Welcome to the Joyce Luck Club!
Last month (I’m so behind on this post!), I convened the #JoyceLuckClub, my own riff of The Joy Luck Club, the sisterhood of women from Amy Tan’s famous novel. It was one of my favorite books growing up. It was the first book I saw myself in. Not just as an Asian-American woman with a complicated relationship with my mother, but as a woman who wanted to be seen for who she really was.
I love the idea of a circle of women who help each other make their own luck and fortunes in life. My modern-day version of the mahjong club is a conversation series for women breaking new ground and writing their own rules—in life, family and career—to share stories and talk in person. It’s so nice to be able to share the accomplishments and wisdom of your friends with others—and to make new friends at the same time. (With cocktails, cheese, crackers and custom Get Go fortune cookies of course!)
For the first panel discussion, co-hosted by Jenni Kayne at their effortlessly chic store in Tribeca, I invited Sylvana Durrett, the founder of Maisonette, a luxury retail site for babies and children, Cayli Cavaco Reck, founder of Knockout Beauty, an exceptionally curated beauty destination, and Jordan Salcito, founder of Ramona, a fizzy cocktail beverage that’s utterly irresistible and tastes like summer in a can (though I’ve been known to drink it all year!).
Each of these women embody qualities that I try to channel throughout my own start-up journey. Although more progressed than me, they still are in the early stages of developing their businesses and brands. As I baby-step my way forward with the Get Go, I love hearing about how others got their starts and learned to walk. Here are some takeaways that I’ll keep repeating to myself as I keep the Get Go going…
YOU ARE CAPABLE OF MORE THAN YOU KNOW.
Sylvana had worked at Vogue Magazine as one of Anna Wintour’s most trusted deputies for many years. Her life from the outside was enviable: A glamorous job, a beautiful family. But to Syl (who was once my intern and I’ve known since she was a teenager–her older sister, Daniela, one of my best friend’s from college), having a great-looking life wasn’t the goal. It had to feel satisfying.
“I wanted to prove to myself that I could do something hard,” she shared. “I wanted to prove that I could handle the business, that I could create something that combined the things I loved—fashion and my children. Hopefully, my kids will be proud of what I built one day.”
Self-satisfaction is the ultimate metric. Creating a business for not only you, but to inspire your children is the most noble mission of all. There’s so much pressure in starting up and so often we are dissuaded from doing things because they’re hard. What I admire most in Syl is her steady, unflappable determination. She takes every twist and turn in stride. It’s the sign of a real leader.
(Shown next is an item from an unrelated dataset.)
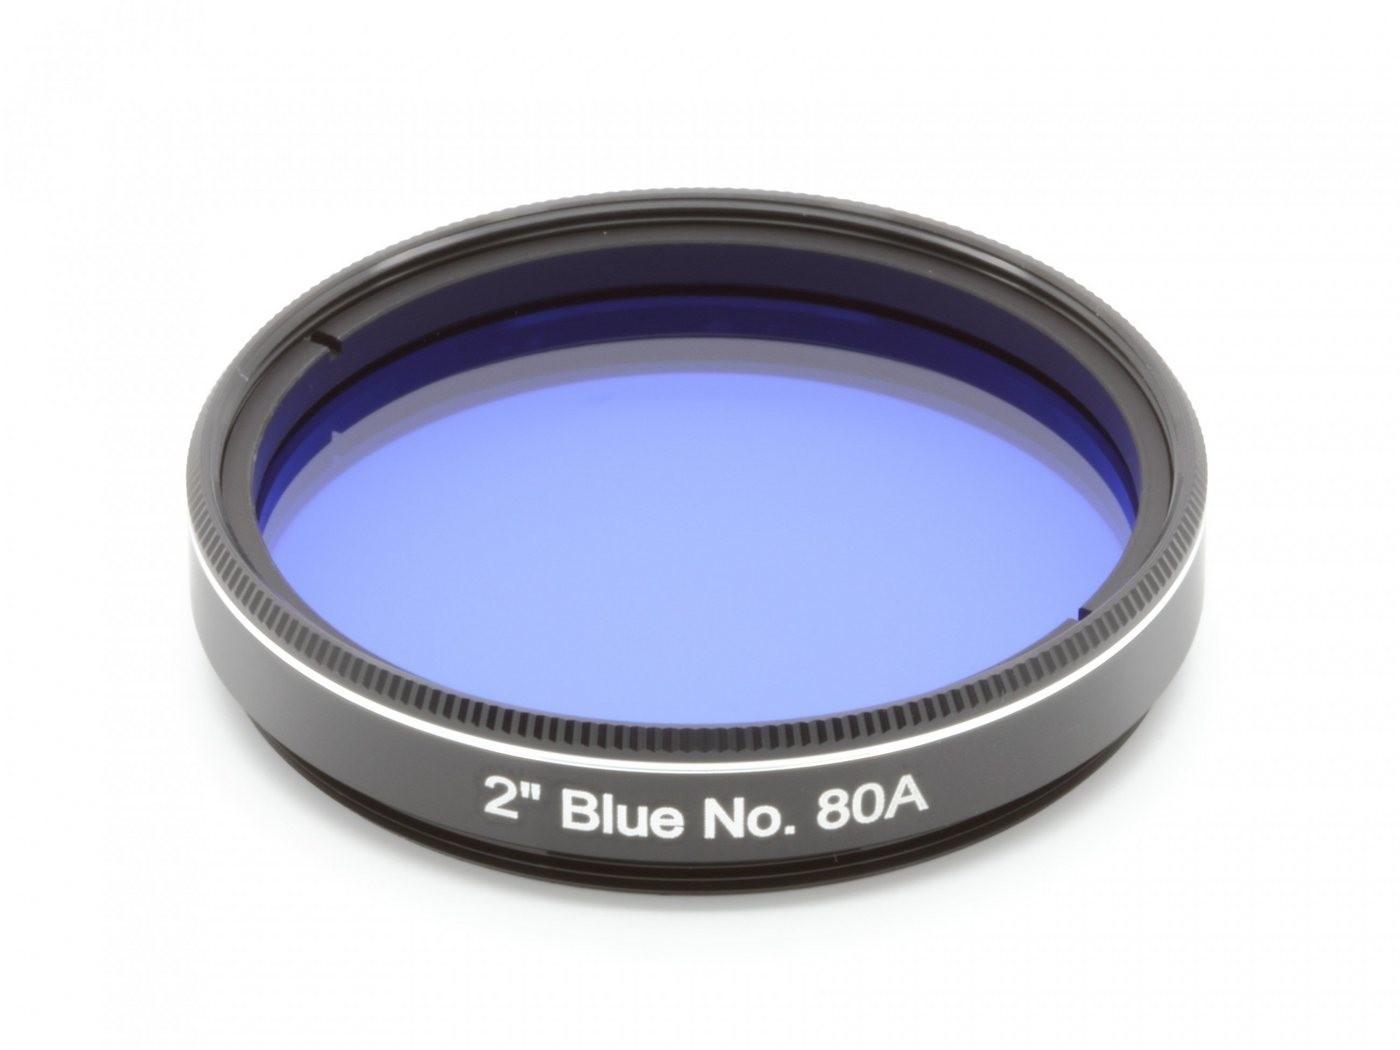 Image of Explore Scientific Blue 80A
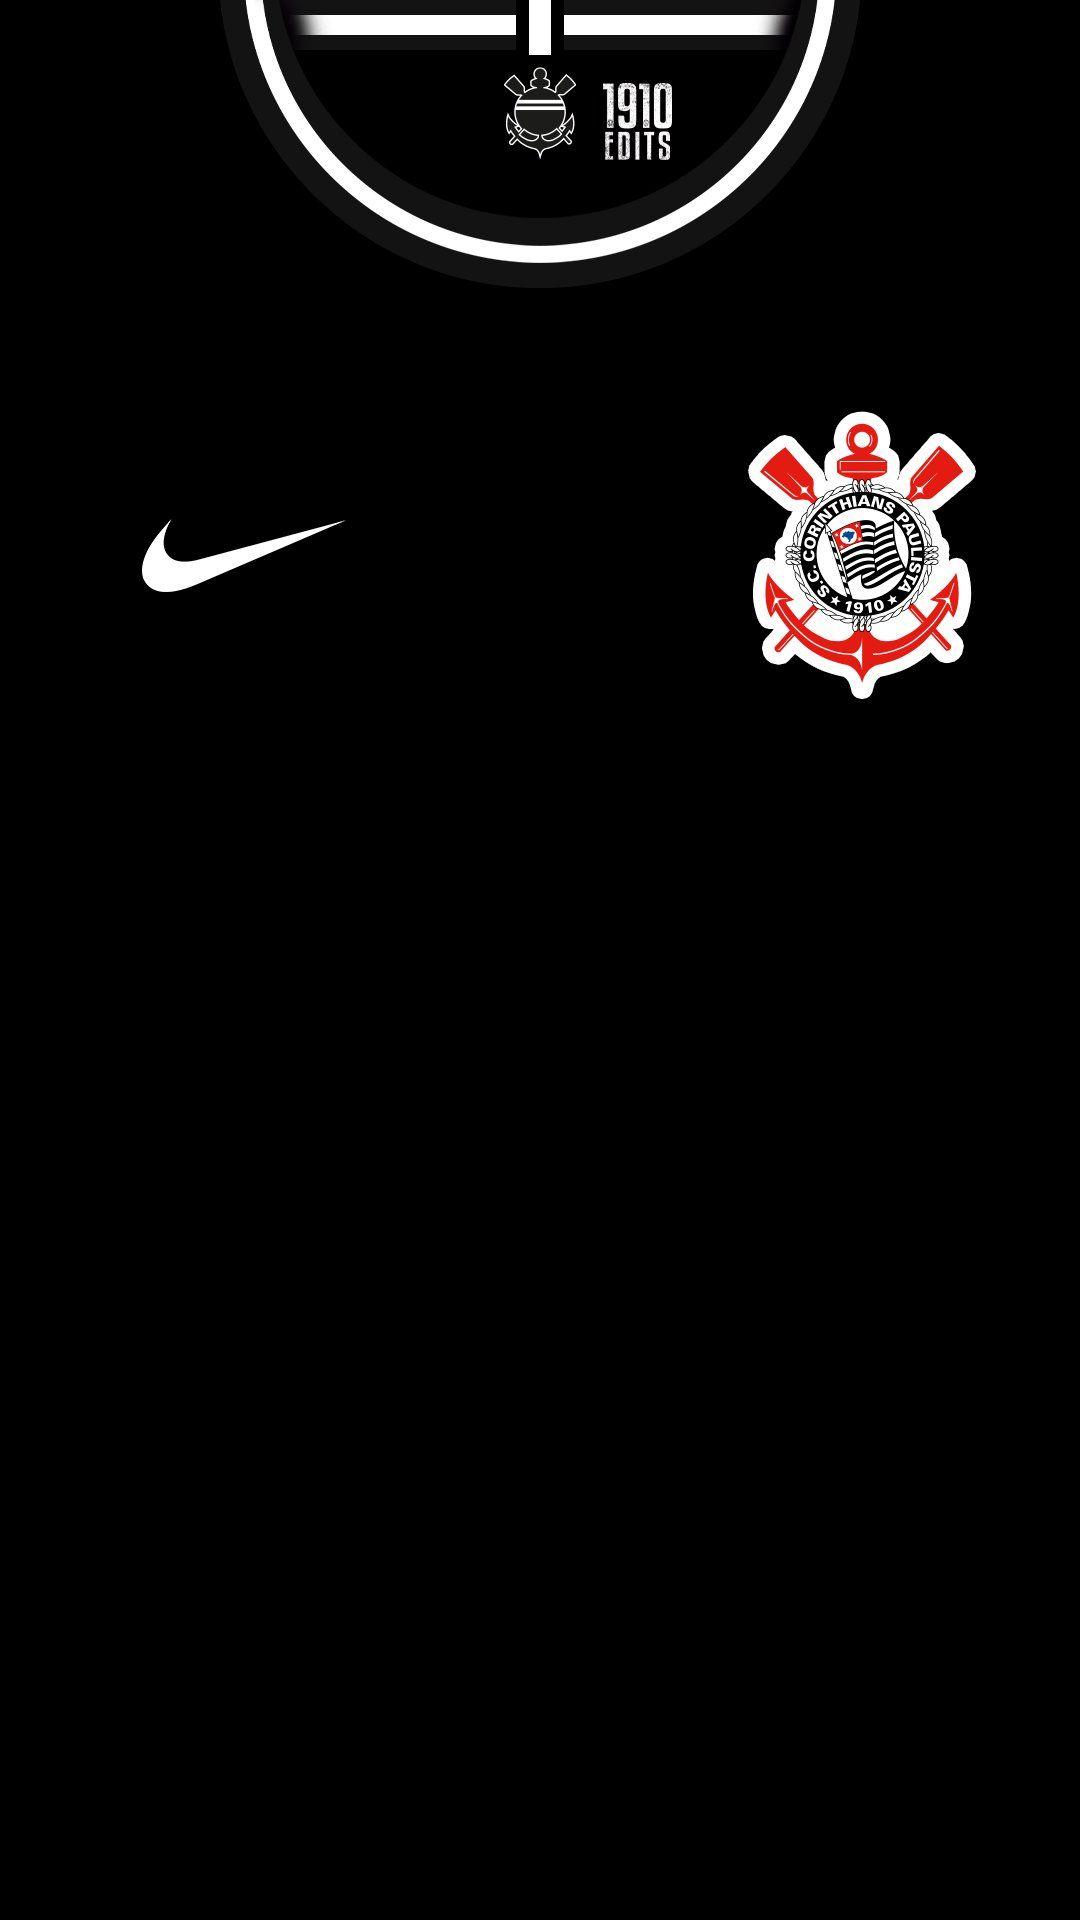 Wallpaper Corinthians In 2020 Soccer Kits Football Kits Soccer

YOU ARE YOUR OWN SECRET WEAPON.
“So I thought to myself, what am I good at? I’m not that funny,” Cayli said about how she came up with her business, Knockout Beauty. “But I’m charming and personable. I can cheer people up and make them feel good. What can I do with that?”
For Cayli, the business—a jewel-box of a beauty story on the Upper East Side of Manhattan, a pop-up in Bridgehampton, and online destination–is an expression of herself. It’s charming, cozy, bright, meticulously curated and perfectly appointed. A beauty dream come true. When you walk in, you’re greeted with warmth and treated to such thorough customer service. It’s a place where feeling more beautiful is possible because of the amazing selection of products and being welcomed into a fun, juicy insider conversation the minute you walk in. I’ve never walked into either location without immediately joining a lively conversation in progress with other customers and staff.
The thing that comes most naturally to her is the thing that makes her business and brand stand out from the others.
BREAK THE RULES ONCE YOU’VE MASTERED THEM.
The world of wine is one of the most rarified worlds. As the director of special wine projects for David Chang’s restaurant group, Momofuku, Jordan is one of a few young female stars. When she didn’t pass the Master Sommelier exam, based on subjective judging, she decided she’d make her own product based on new rules of her own definition.
“Ramona is irreverent—in name and concept,” Jordan told the audience firmly. “Why should I or any woman be ashamed of enjoying a bubbly, sweet beverage when we’re not in the mood for wine? Why shouldn’t it be excellent quality with integrity of ingredients just because it comes in a can? Why can’t it be seriously well-made and fun too? Why do we have to drink seriously? Why shouldn’t a drink like Ramona have a place at the table? Why should only men have seats at the table? Who gets to make these rules up?”
But as serious as Jordan is about the quality of her product, the signature of the brand is how playful it is. The packaging is bright and bold. The taste is zippy and light. The attitude is uncomplicated and fun.
Named for Beverly Cleary’s classic children’s book character, Ramona Quimby, a tomboy little sister who’s constantly getting into scrapes, Ramona, the beverage, is a grown-up antidote to the scrapes of adult life. Crack open a can of Ramona, and you can’t help but take life a little less seriously.
I’ve always believed that you need to learn the rules to break them. Jordan breaks them so cleverly and with such finesse, it’s a masterclass in the art of rule-breaking. Her secret: She knows exactly what she’s doing because she paid her dues, learned the rules and is now making her own game.
SHARE THE LOVE AND WISDOM.
This one’s mine. I think stories and the people who tell their own are powerful forces. Stories of how we take a risk empower more people to believe they can do the same. Stories of how we endure and stick it out through the challenging times help others feel less alone. Putting a face behind hard work, success and even failure or a slump show that nothing is impossible and there’s no shame in the ups and downs of life.